Je haïssais ses cours de Potion! Aucune possibilité de me concentrer sur ma préparation, d'apprécier le bouillonnement du mélange, de sentir la potion se transformer, s'épaissir ou se diluer autour de ma cuiller, je ne pouvais même pas couper tranquillement un tentacule de Murlap sans qu'il ne me déconcentre de ses questions impossibles!

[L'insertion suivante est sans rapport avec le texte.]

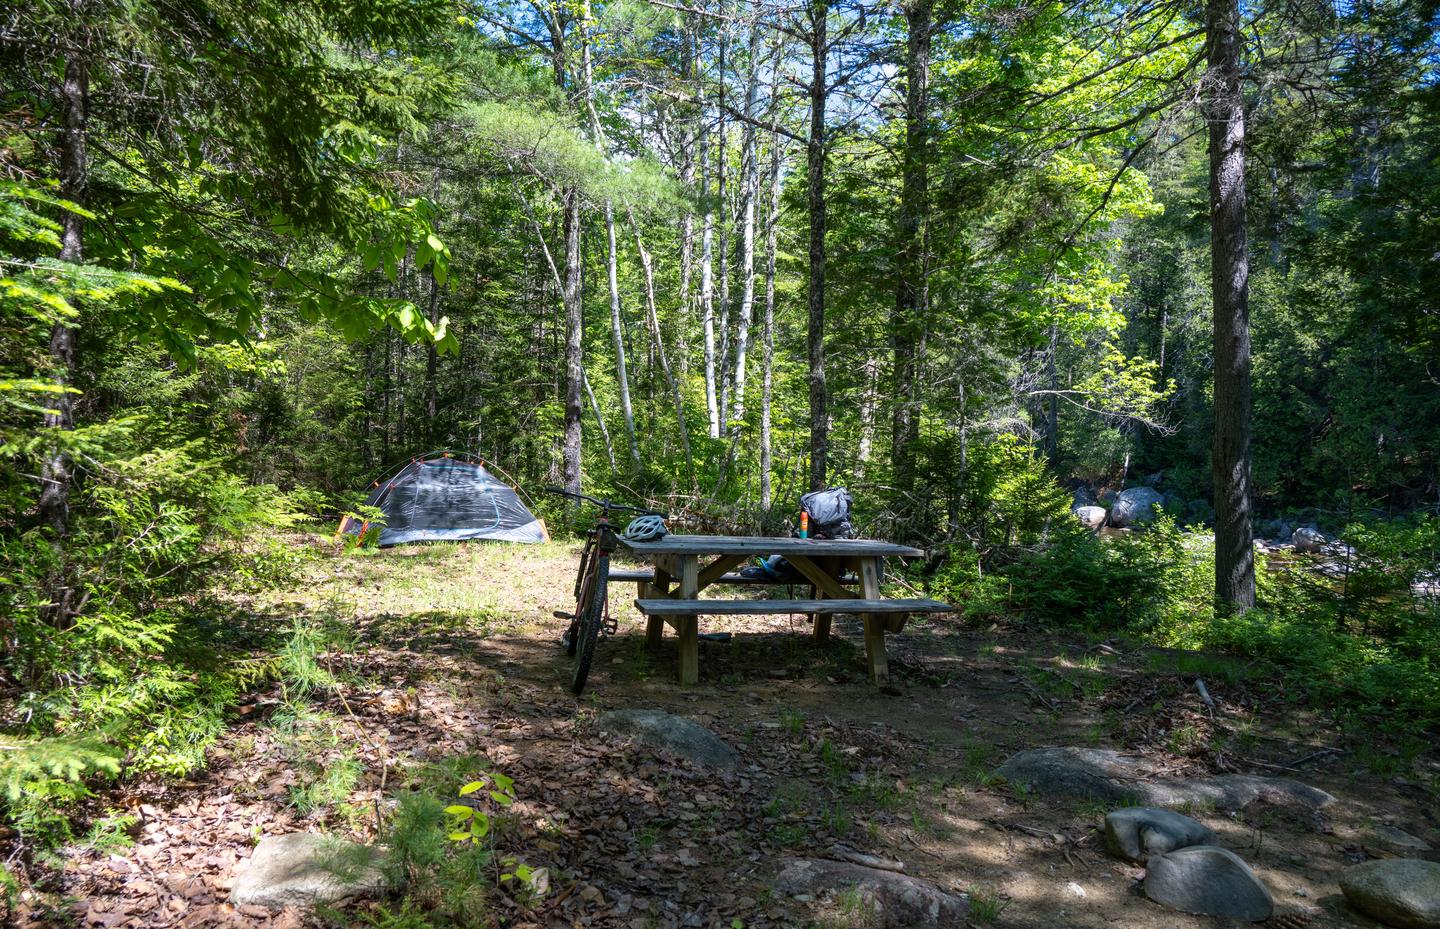 Esker Campsite with a two person tent set up in the back where there is a leveled grassy area for a tent. A picnic table is in the shade in front, closer to the trail.Esker Campsite is a remote campsite next to Wassataquoik Stream.

-Je ne sais pas! Sifflai-je, me concentrant sur l'étape particulièrement délicate d'ajout du tentacule.
-C'est si simple, pourtant; susurrait-il.
Et il se rapprochait de moi. Et j'en étais malade de dégoût, et de fureur. Les lysosomes des cellules épithéliales présentes un peu partout sur les tentacules, s'ouvrirent brusquement, créant un remous qui alla en s'étendant sur toute la surface de la potion. Elle bouillirait ainsi durant trois minutes, précisément.
-Alors?
Il était trop proche! J'en fermai les yeux, pour siffler en contenant difficilement toute ma colère:
-Je suis occupée.
-Donnez-moi la réponse; insista-t-il.
Et c'était un ordre. Et je désobéis avec une rage flagrante.
-Je n'en ai rien à faire; crachai-je, de savoir si c'est l'échinacée ou la belladone! Je veux fin…
Je ne pus aller plus loin, parcourue par une atroce vague de magie. Elle me déchira de l'intérieur, sectionnant l'oeso… Je vomis aussitôt mon sang… en plein dans mon chaudron.
-Khorine! S'étrangla Rogue, tandis que j'agrandissais les yeux de frayeur.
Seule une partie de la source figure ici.